Saturday, April 14, 2012

Networked Futures in Busan

From Wikimedia Commons, courtesy Michiel1972





















In a sociological tradition stretching back to Durkheim, the city represents the apogee of alienated life, with residents adopting a variety of strategies to cope with their anonymity and to preserve their privacy amidst multitudes of other residents. Especially important are techniques for managing contact in public transportation—trains, buses and subways—where interactions are simultaneously intimate and anonymous. Those strategies include ways of looking, but also a variety of technologies that urban-dwellers adopt to avoid contact with others: newspapers, books, and, in more recent decades, a variety of technological devices, including MP3 players and smartphones.

But while analysis of these techniques and technologies has revolved around avoiding contact, it may be more useful to think of them as techniques for relating to the anonymous city—for initiating contact through differentiated interactions. All of these technologies, including subways, books, buses and smartphones, can be said to enable a certain construction of place: a networked knowledge of the city that connects to people and space in particular ways. As we become more urban, these technologies are quite likely to increase.  The future, then, may bring new excesses of anomie, but it will also result in new ways of networking to place and people.

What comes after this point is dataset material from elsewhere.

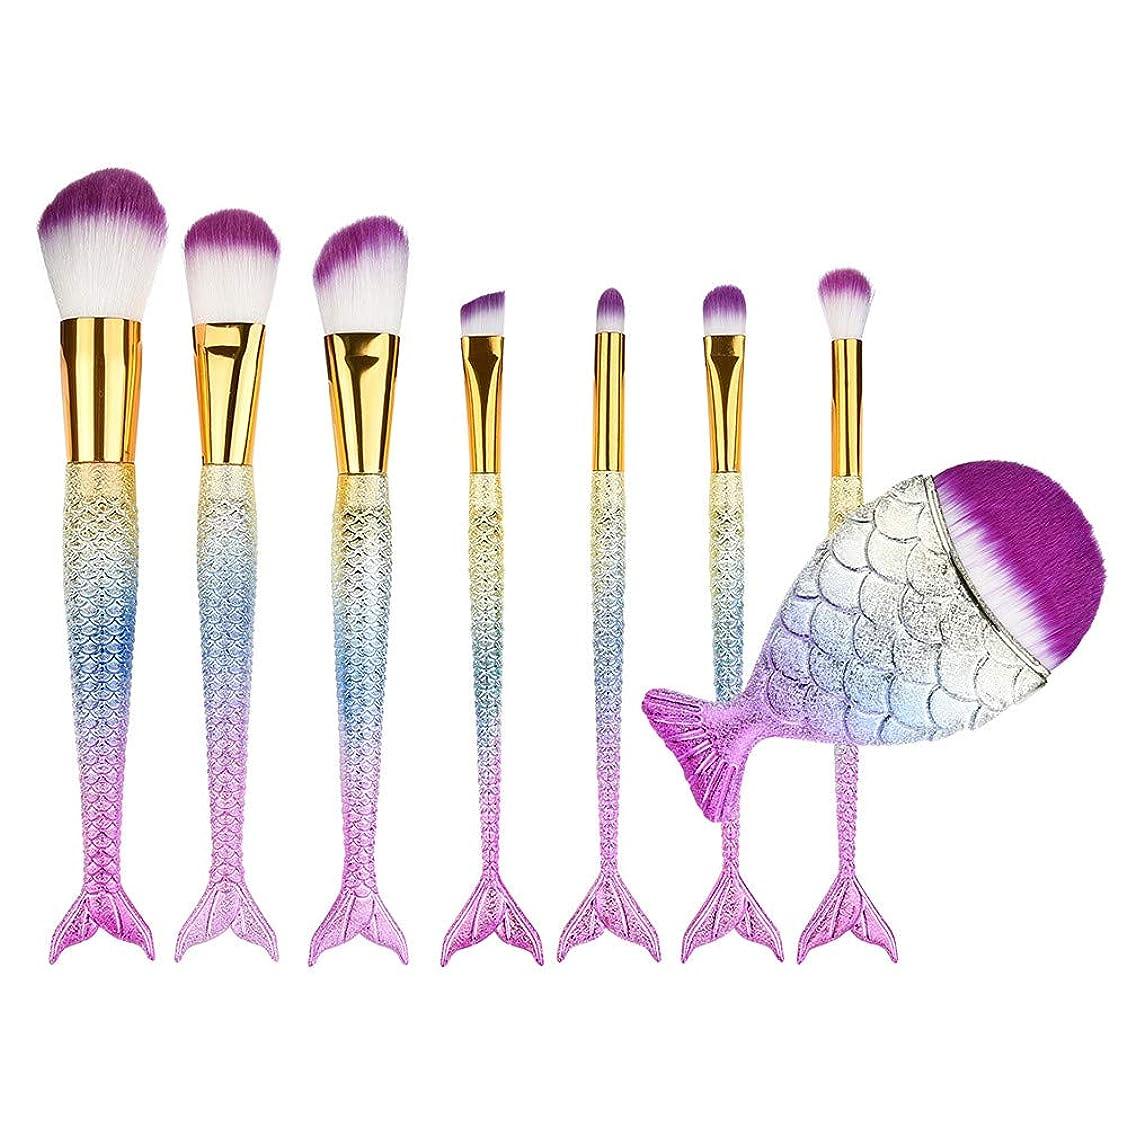 異議すきインデックスAkane 8本 人魚 紫系 高級 エレガント 魅力的 上等 綺麗 美感 多機能 おしゃれ 柔らかい 激安 たっぷり 日常 仕事 Makeup Brush メイクアップブラシ

This is certainly the case with Korea’s largest city (Seoul) and its second-largest (Busan), both with highly-developed subway systems and ubiquitous computing infrastructures that ensure that residents will never spend an instant unplugged from various social networks, even as they navigate complex, transportation networks above and below ground. Living in the city means initiating and managing relationships in time and space while in constant motion. Some analysis has suggested a “bang” (room) culture that constructs a variety of “third spaces” between home, work and school, but the ubiquity of online social networks means that these liminal spaces can also be mobile--appended to the cityscape during the course of everyday perambulation. 
 
This is particularly evident in the profusion of social networking software and social apps available for smartphones, including ones available for setting up bling dates  (소개팅)and managing appointments, locative mobile social networking (LMSN) utilizing GPS in order to pinpoint friends and potential contacts amidst an urban scape, as well as locational games that overlay the Korean city with digital game networks. These can mean novel ways of associating, and even new forms of politics. For example, the candlelight vigils following the liberalization of beef imports in 2008 have been seen as a watershed in Korean politics because they involved a preponderance of school-aged girls, and because they were organized through online social networking.

Ultimately, this may say something about the development of urban living as not only a contemporary phenomenon, but as a bellwether for urban futures around the world. However, the profusion of applications and the near-universality of the hand-set in Korean life don’t necessarily signal a “break” with the past and the emergence of a new way of urban living. Rather, the focus on the network discloses the networked character of the city, as shifting assemblages of connected urban systems rather than as a static tableau of spaces. Life networked to the city through the smartphone doesn’t so much initiate new forms of living as re-invent the urban as the elaboration of networked technologies—as the creation of new lines of flight focused on transportation and communication technologies. 
 
This has important consequences for the study of the future. First, the profusion of smartphone applications and social networking suggests an immanent social critique—the projection of a utopian ideal over the grit of the real city. That is, the popularity of these forms of networked socialites suggests the production of multiple “invisible cities” over the existing one, the analysis of which may suggest the direction of urban futures. Second, although the Korean city construed as an assemblage of transportation and communication suggests ways of living and interacting that may be particularly Korean, it also signals urban futures for other parts of the world where these systems are not yet as developed, including urban spaces in the United States where IT infrastructures have not yet reached the level of integration of Korean cities.